To reinforce the claims made about incidental anchors, Mussweiler and Strack state that it “has repeatedly been demonstrated that the extent to which increasing the accessibility of a specific concept in a priming task influences a subsequent judgment is determined by how applicable the activated concept is to this judgment (Higgins and Brendl, 1995; Higgins, Rholes, and Jones, 1977)” (italics added, Mussweiler and Strack, 2001). In other words, random, incidental anchors should be insignificant and were, in theory, insignificant. I.e., “the magnitude of anchoring depends on how applicable the knowledge that was rendered accessible during the comparative task is to the critical absolute judgment” (ibid).
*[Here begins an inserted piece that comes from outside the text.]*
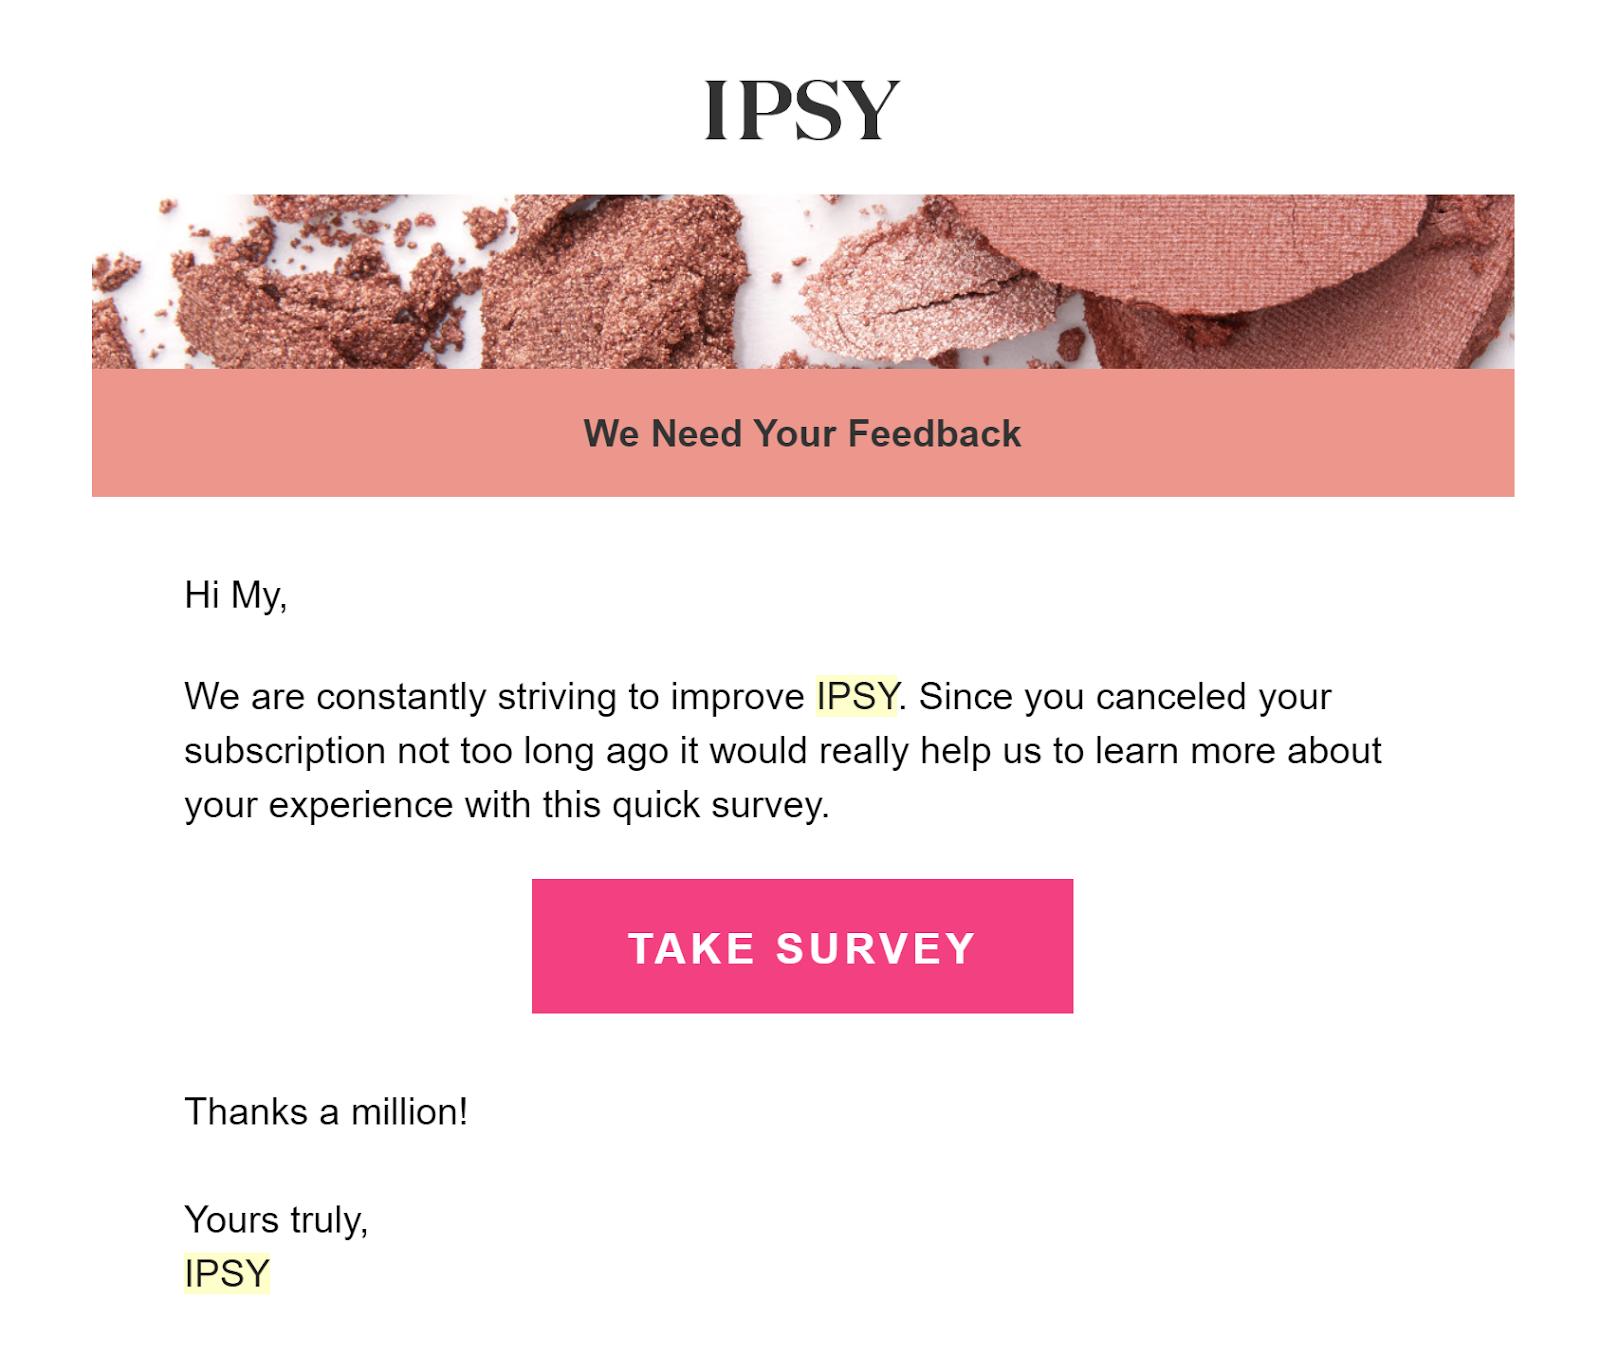 ipsy email survey
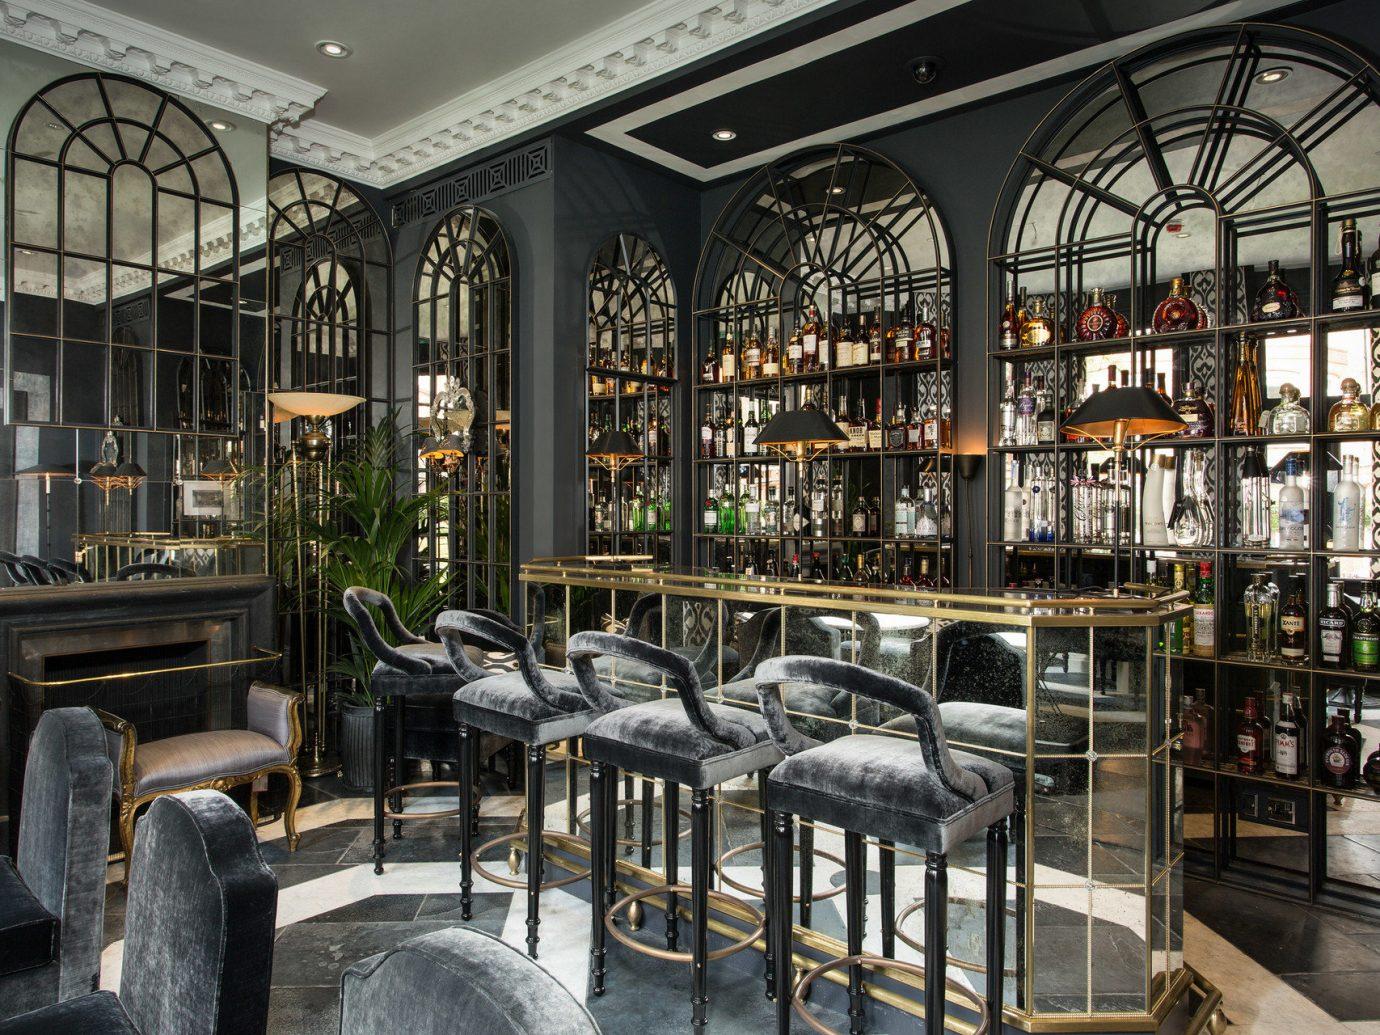 Boutique Hotels Hotels restaurant Bar interior design estate Design furniture

The authors also note that “the direction of anchoring effects… depends on whether the knowledge that was activated during the comparative task pertains to a target that is similar to the judgmental target of the absolute question or to a target that is largely dissimilar” (ibid). The authors provide the example of a low vs. high effect when comparing the mean winter temperature in the Antarctic (-20°C or -50°C). When this comparison is used to elicit answers about temperatures in Hawaii, however, a contrast effect can be observed. I.e., “higher estimates for the mean winter temperature on Hawaii are given if the temperatures in the Antarctic had previously been compared to the low rather than the high anchor (Strack and Mussweiler, 1997)” (ibid). In other words, “the direction of the anchoring effect appears to depend on the similarity of the activated concept and the judgmental target, just as is true for knowledge accessibility effects in general” (ibid).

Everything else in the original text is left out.